Sunday, January 8, 2012

raw fudge cupcakes with vanilla bean frosting


These are totally delicious! Everyone in my family agrees, even Greg (my big brother) who has the pickiest palate of all. If you want to make a cute, sweet and tasty dessert for a party, or for no reason at all - make these!

I'm basically saying whatever your situation: go make these. now. 

As with most raw desserts, they're mostly nuts, seeds and dates... hur-RAW!
I made them specifically to post on the blog, actually. I feel bad because lately I've just been eating tons of salad, and a bit of fruit... wonderful for me, but not that exciting for you. We all know what a banana looks like, and how amazing salad is.

So I hope you like them! I like things sweet, so feel free to take out some of the agave in the frosting. And with all raw recipes, you can pretty much do/change whatever you want and they'll still turn out great.
The recipe does make a little extra frosting... but I'm sure this won't be a problem for you =)

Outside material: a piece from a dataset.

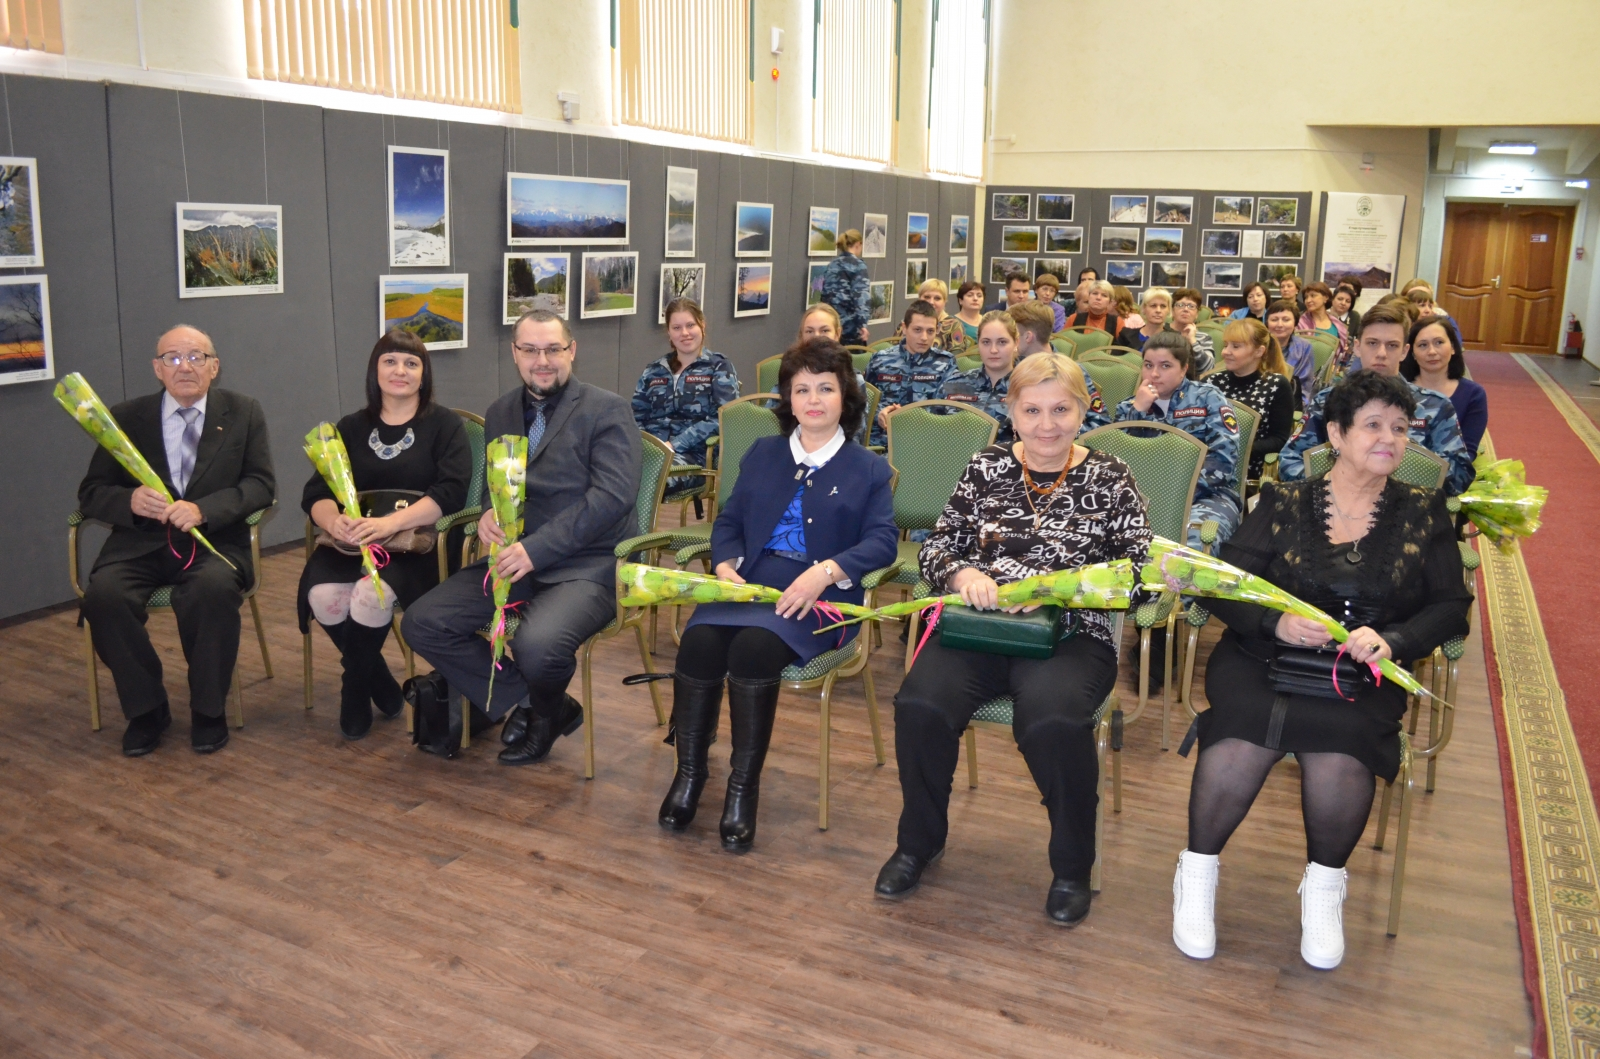 Наш город комсомольск-на-амуре объявления работа охрана новосибирск газ 3307 доска объявлений
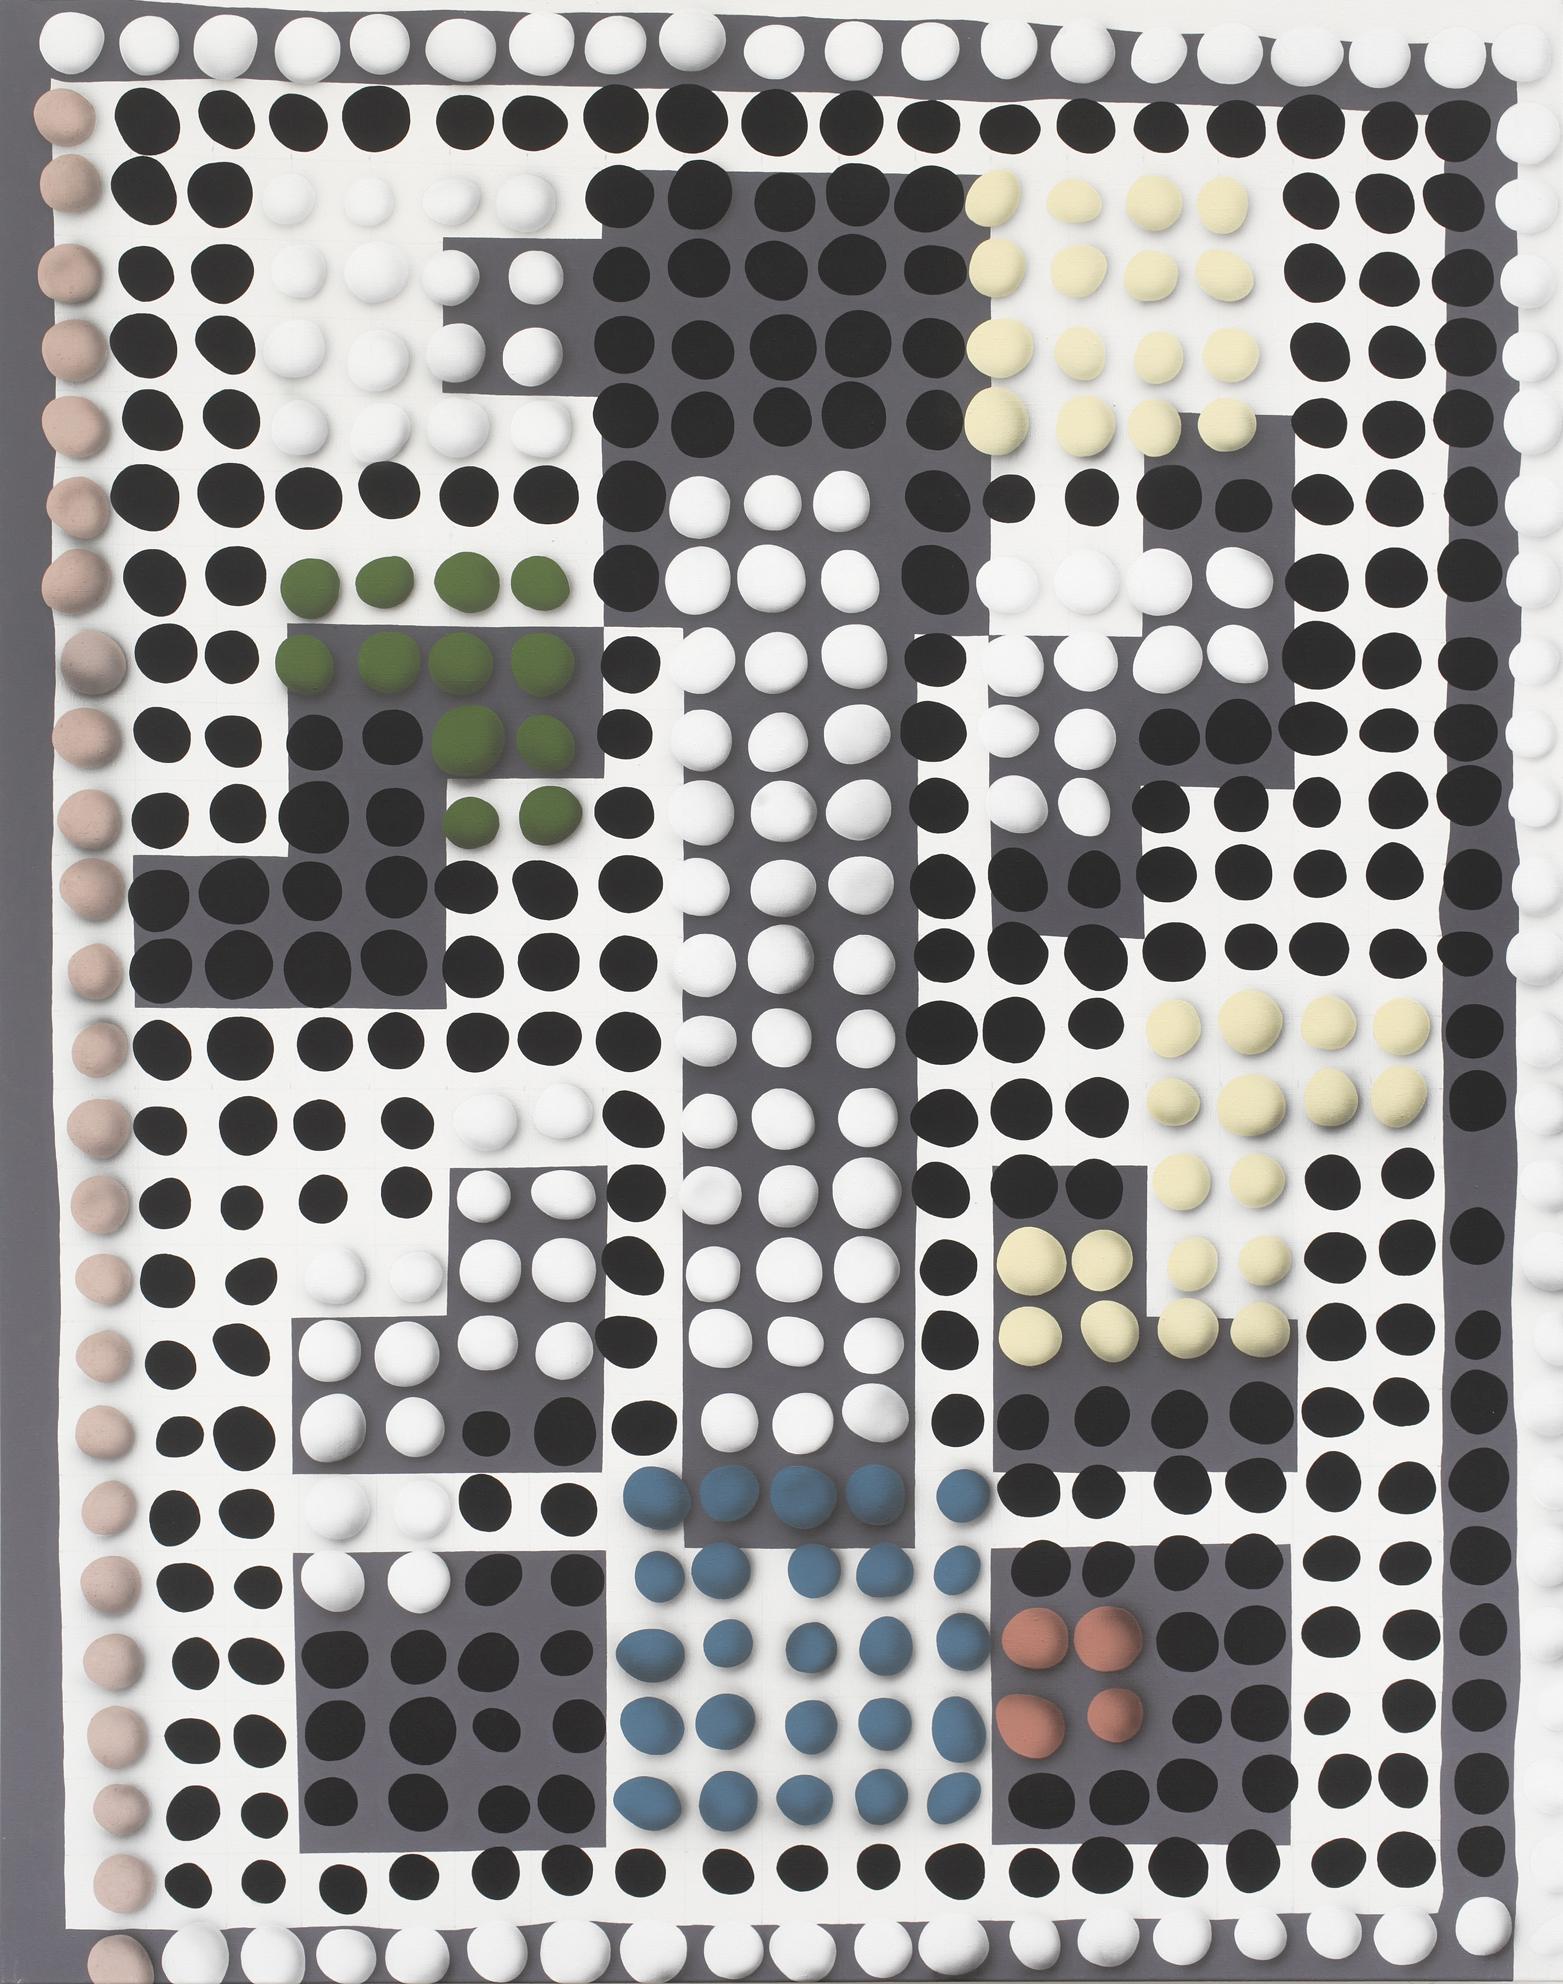 Vasarely, 2010, acrylic on canvas, 240 x 190 cm

Raw Chocolate Cupcakes with Vanilla-Cashew Frosting: makes about 15-20, with extra frosting

frosting:
1 cup raw cashews
2-4 Tb agave 
Seeds from 1/2 vanilla pod
1 t vanilla extract
Pinch sea salt
2 Tb melted coconut oil 
Water, only if needed

cupcakes:
1 cup raw nuts (ex. walnuts, almonds, pecans, etc.)
1/2 cup dates
2 Tb agave
1 t vanilla extract
Pinch sea salt
1/2 t cinnamon
4 Tb cacao 
1/4 cup coconut flakes
1/4 cup hemp seeds

To make frosting: blend raw cashews into cashew butter in a high-speed blender (Vita-Mix). Make sure to keep pushing the cashews down so they get blended and you don't burn out your motor.  It doesn't need to be super creamy, but make sure it's past the floury stage. It'll probably be really thick.
Then mix the cashew butter and all other ingredients in a food processor until smooth. Put in piping bag and set in fridge. 

To make cupcakes: Pulse nuts in food processor until very fine, add dates until they're broken down. Then add all other ingredients and pulse until it sticks together, but doesn't stick to your hand (rough dough). Use a cookie cutter to form the "dough" into shapes; I just used a circle. Pipe frosting onto the top of the cupcakes and refrigerate for a bit if you want. Then enjoy!


This is a crowd-pleaser for sure. It's fun when you get to tell people they're healthy.